Segment descriptors represent the structure of nested arrays. For each segment, it stores the length and the starting index in the flat data array.

Instances

Show USegd

Basic operations

nullU :: UA e => UArr e -> Bool

Test whether the given array is empty

emptyU :: UA e => UArr e

Yield an empty array

singletonU :: UA e => e -> UArr e

Yield a singleton array

consU :: UA e => e -> UArr e -> UArr e

Prepend an element to an array

unitsU :: Int -> UArr ()

Basic operations on unboxed arrays -----------------------------------

Yield an array of units

replicateU :: UA e => Int -> e -> UArr e

Yield an array where all elements contain the same value

(!:) :: UA e => UArr e -> Int -> e

Array indexing

(+:+) :: UA e => UArr e -> UArr e -> UArr e

Concatenate two arrays

indexedU :: UA e => UArr e -> UArr (Int :*: e)

Indexing ---------

Associate each element of the array with its index

repeatU :: UA e => Int -> UArr e -> UArr e

Repeat an array n times

Subarrays

extractU :: UA a => UArr a -> Int -> Int -> UArr a

tailU :: UA e => UArr e -> UArr e

Yield the tail of an array

takeU :: UA e => Int -> UArr e -> UArr e

Extract a prefix of an array

dropU :: UA e => Int -> UArr e -> UArr e

Extract a suffix of an array

splitAtU :: UA e => Int -> UArr e -> (UArr e, UArr e)
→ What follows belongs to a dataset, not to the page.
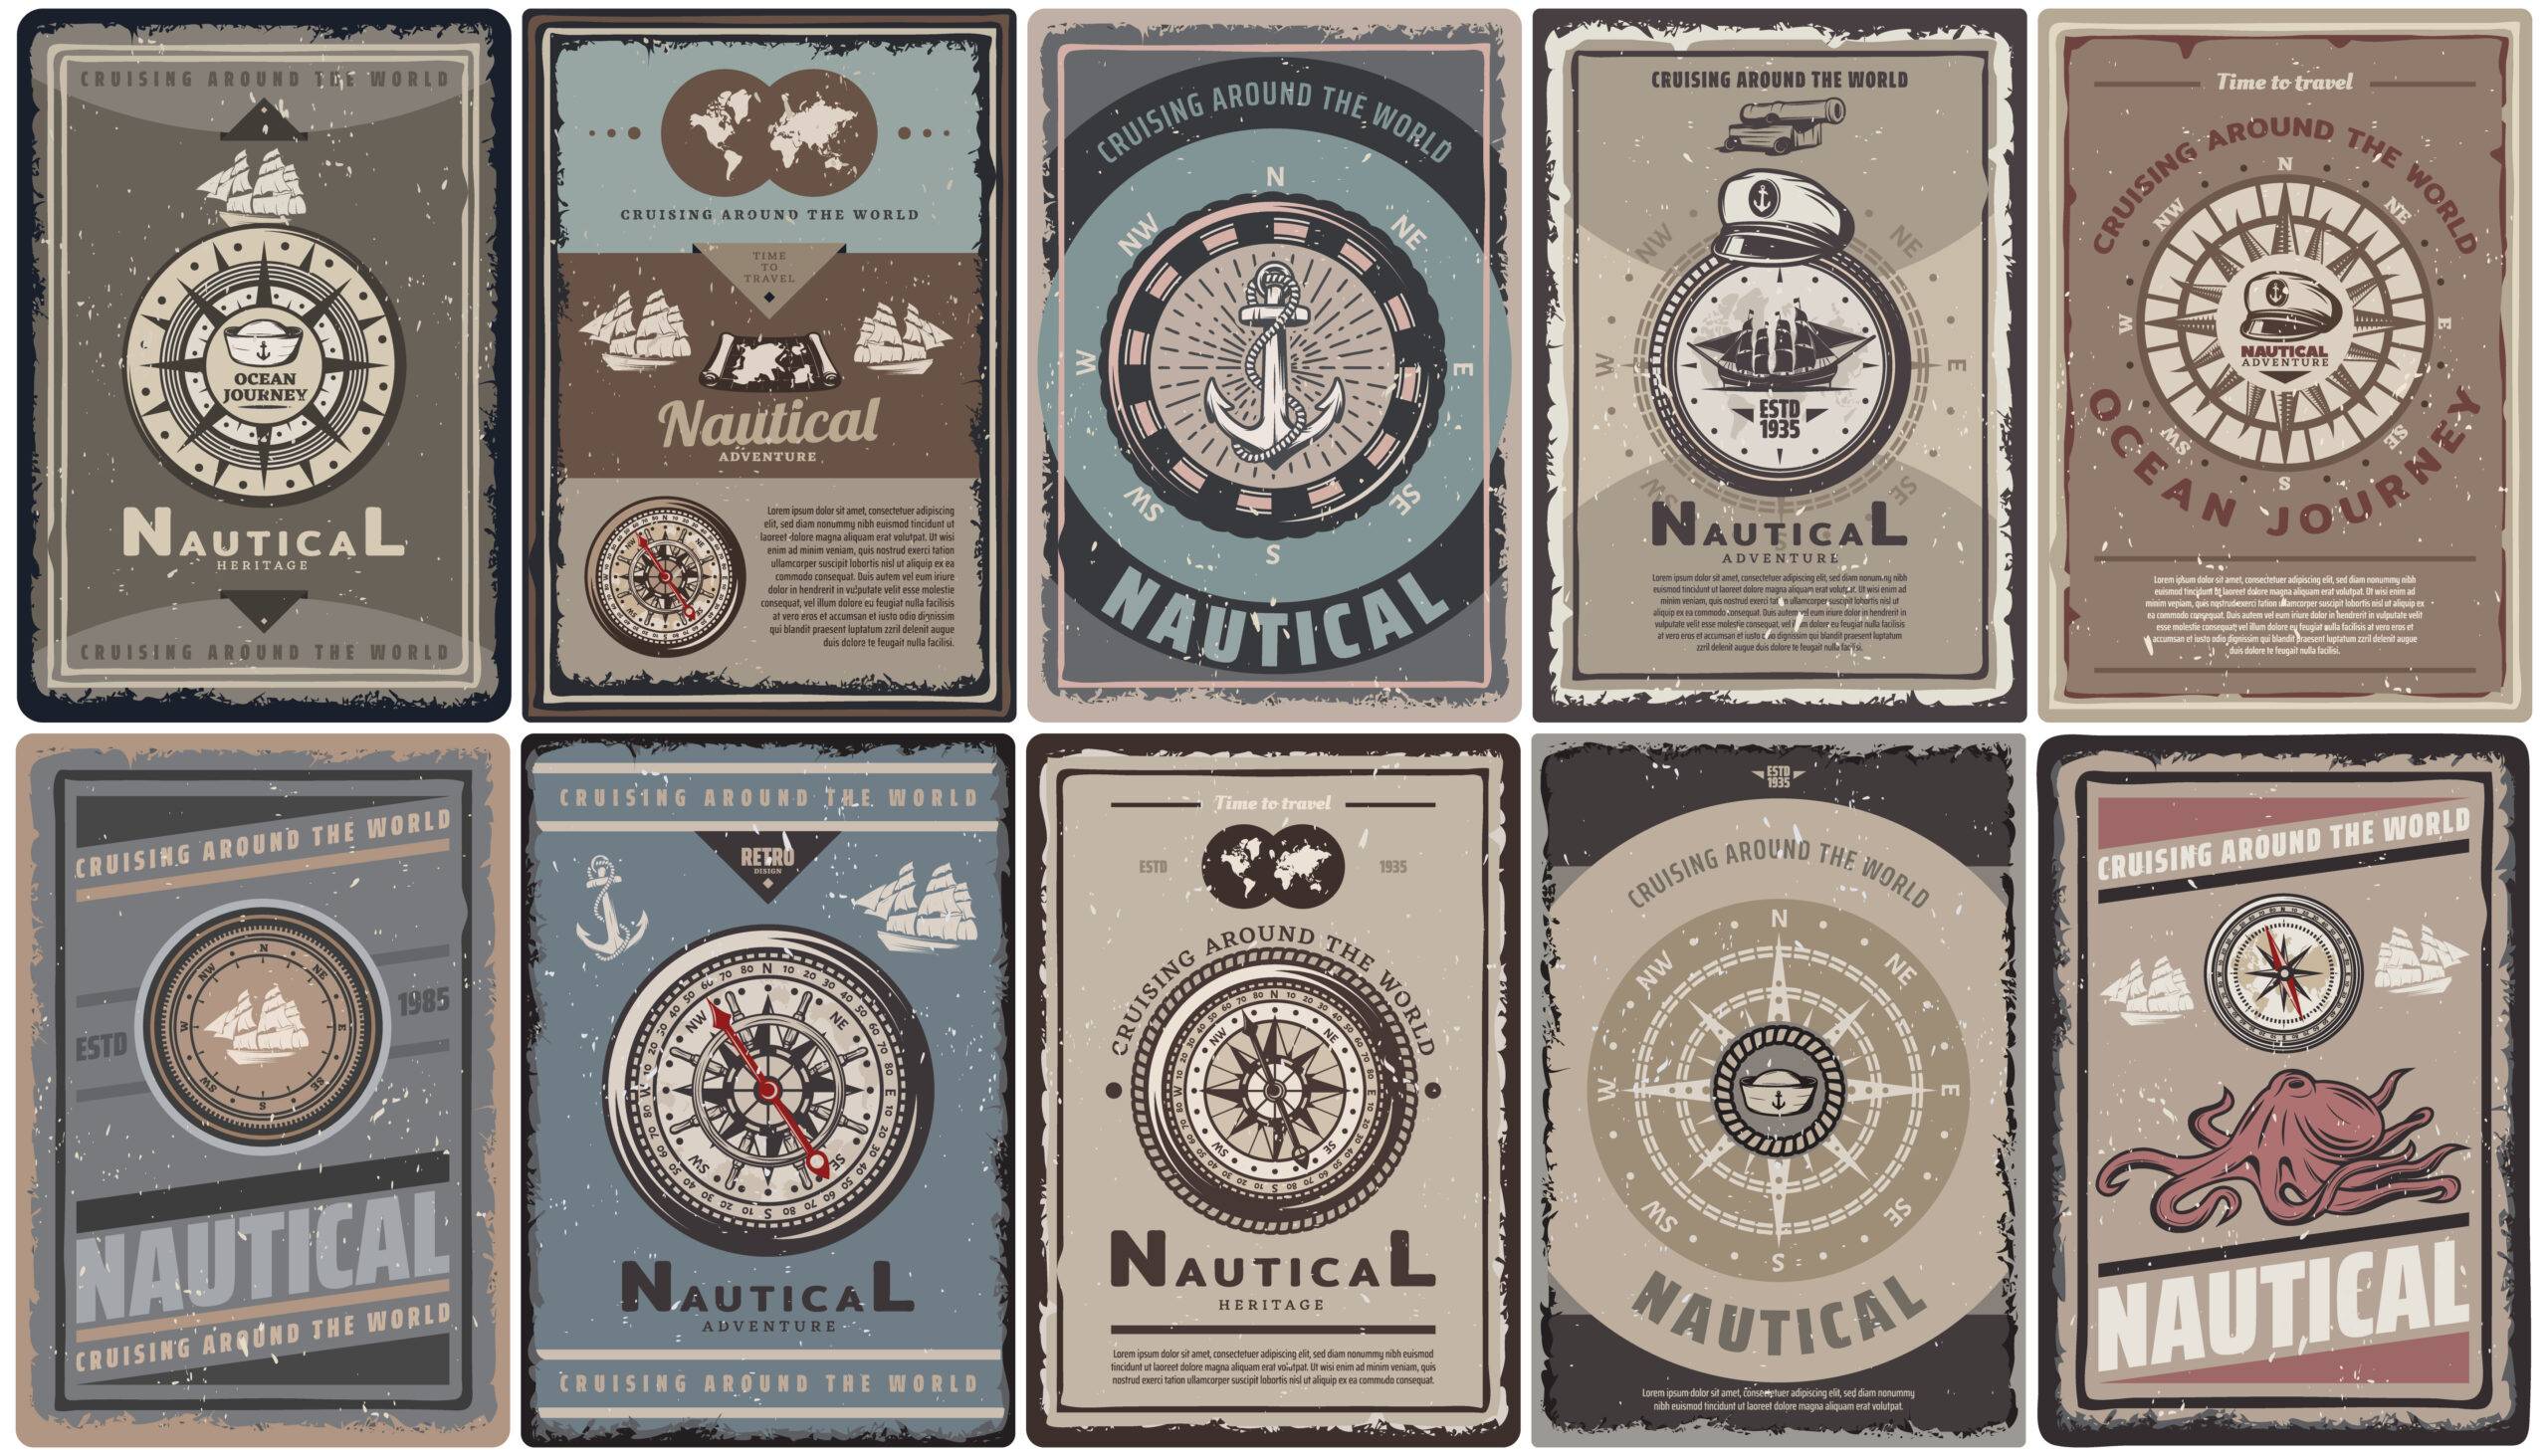 Nautical-themed posters featuring vintage designs, compasses, ships, anchors, and oceanic elements, titled "Cruising Around the World."

Split an array into two halves at the given index

Permutations

permuteU :: UA e => UArr e -> UArr Int -> UArr e

Standard permutation

mbpermuteU :: (UA e, UA d) => (e -> d) -> UArr e -> UArr Int -> UArr d

bpermuteU :: UA e => UArr e -> UArr Int -> UArr e

Back permutation operation (ie, the permutation vector determines for each position in the result array its origin in the input array)

WARNING: DO NOT rewrite this as unstreamU . bpermuteUS es . streamU because GHC won't be able to figure out its strictness.

bpermuteDftU

:: UA e
=> Int	length of result array
-> Int -> e	initialiser function
-> UArr (Int :*: e)	index-value pairs
-> UArr e
Default back permute The values of the index-value pairs are written into the position in the result array that is indicated by the corresponding index. All positions not covered by the index-value pairs will have the value determined by the initialiser function for that index position.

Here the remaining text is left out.